* _Task to carry out_
Using the listing below, give again exactly the lines from the line with "Jiffy Lube |" to the line with "Splatoon 2’s Lobby", inclusive, without the pictures.

* _Dataset excerpts_
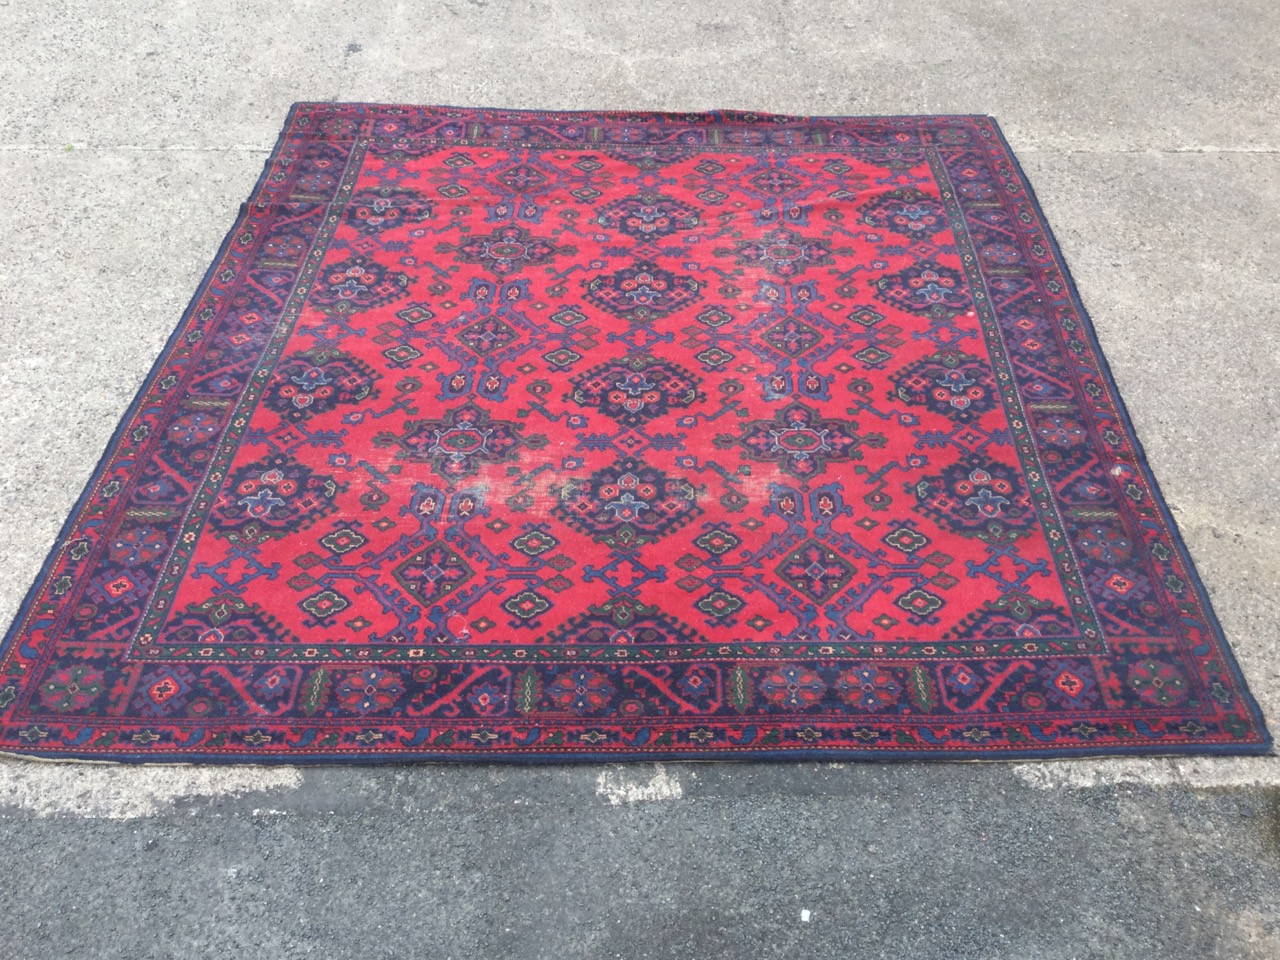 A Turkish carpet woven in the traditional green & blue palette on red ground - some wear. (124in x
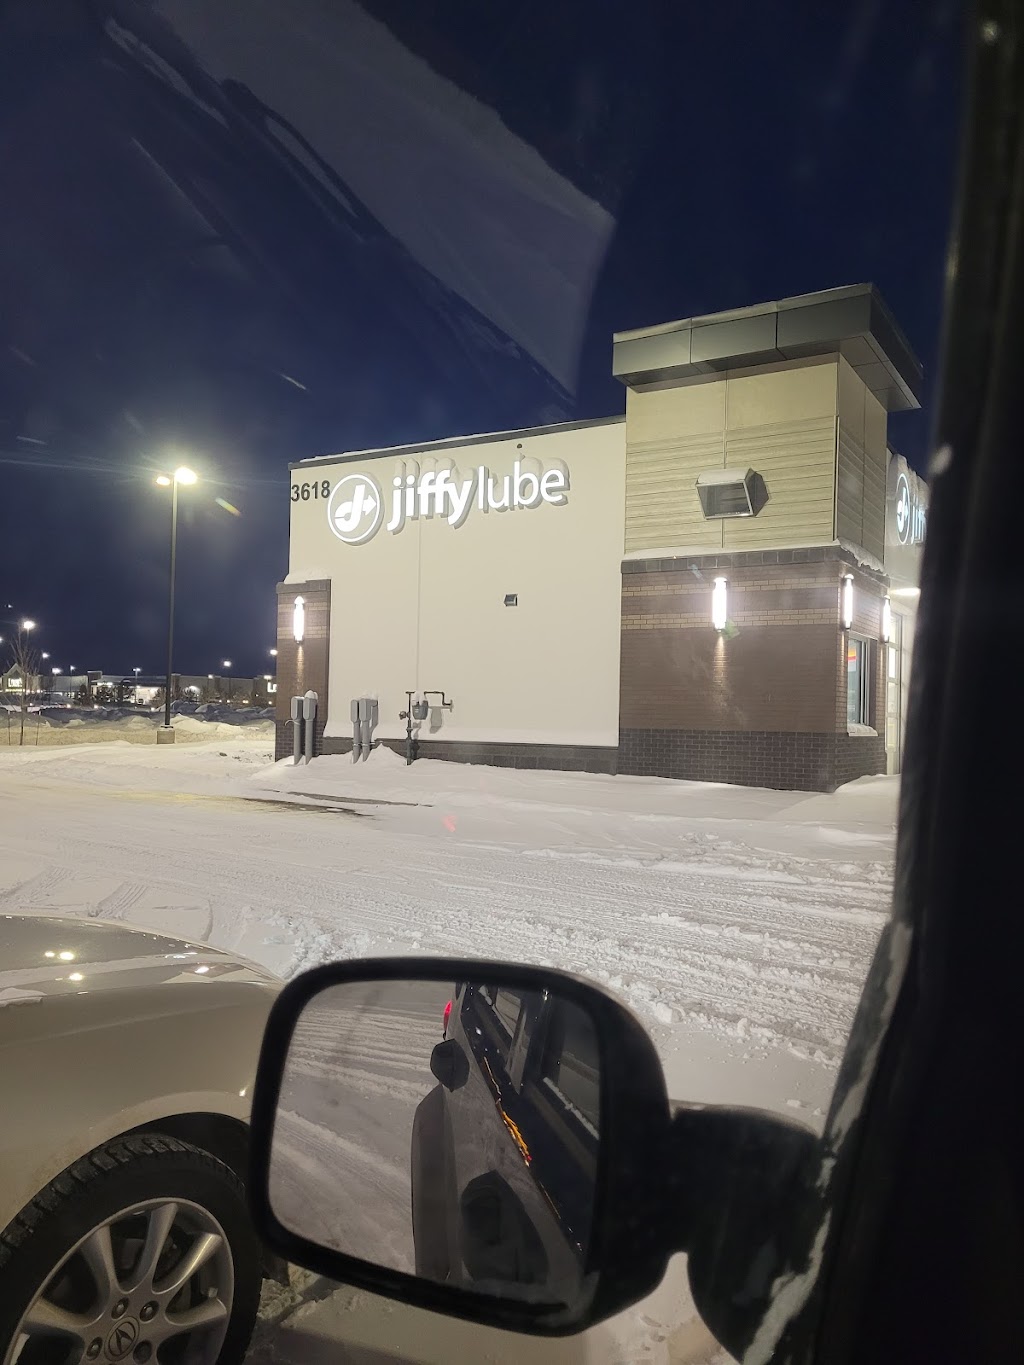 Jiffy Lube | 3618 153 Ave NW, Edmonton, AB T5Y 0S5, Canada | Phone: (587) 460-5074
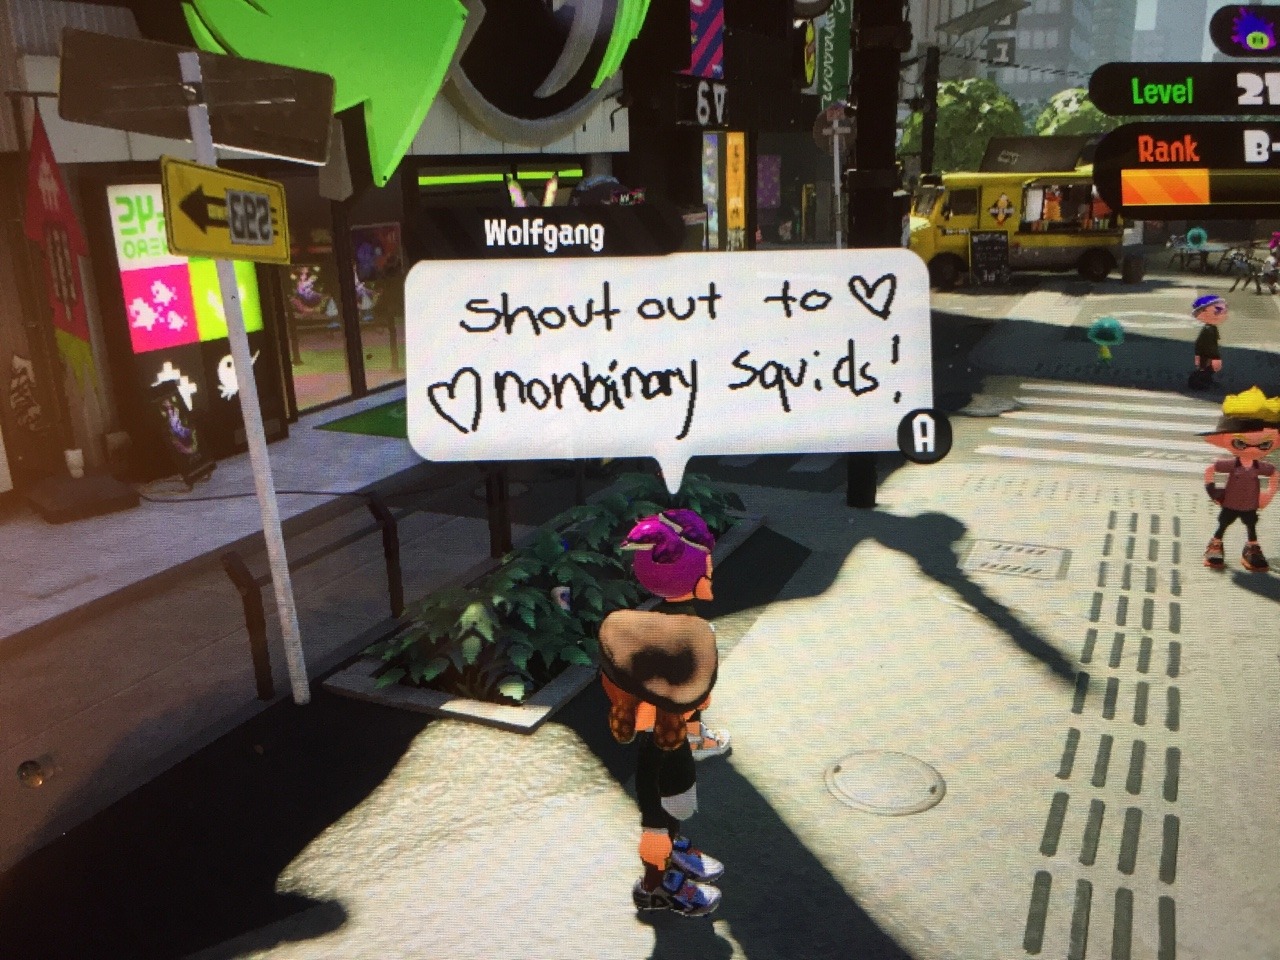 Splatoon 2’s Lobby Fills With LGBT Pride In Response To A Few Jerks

---

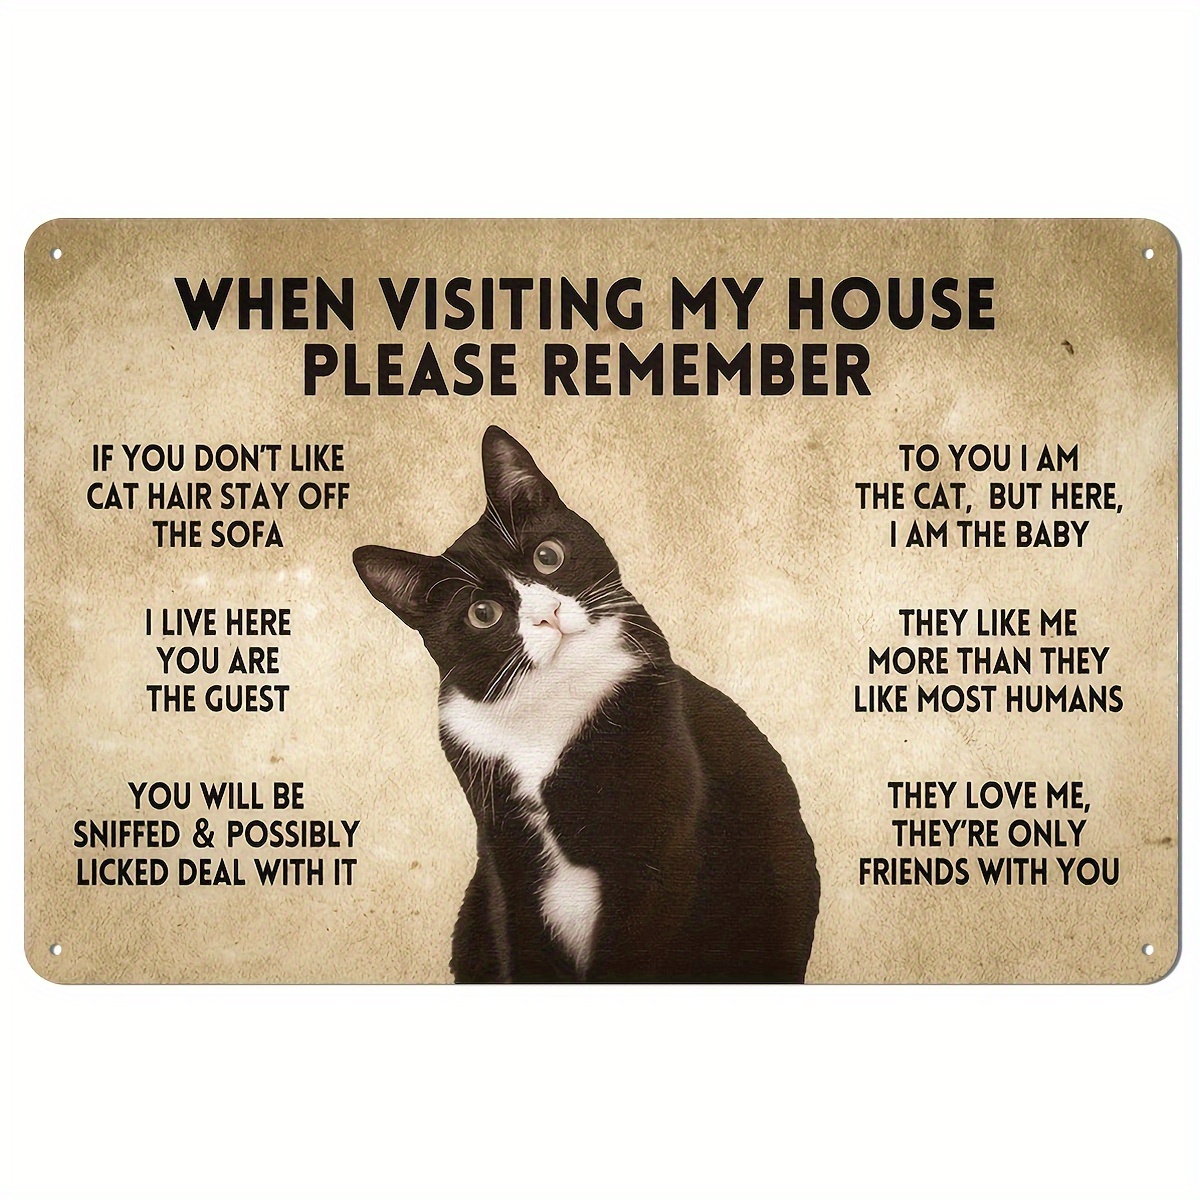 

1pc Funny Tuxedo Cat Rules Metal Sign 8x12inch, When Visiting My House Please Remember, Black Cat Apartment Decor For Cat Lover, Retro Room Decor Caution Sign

* _Reply to the task_
 Jiffy Lube | 3618 153 Ave NW, Edmonton, AB T5Y 0S5, Canada | Phone: (587) 460-5074
 Splatoon 2’s Lobby Fills With LGBT Pride In Response To A Few Jerks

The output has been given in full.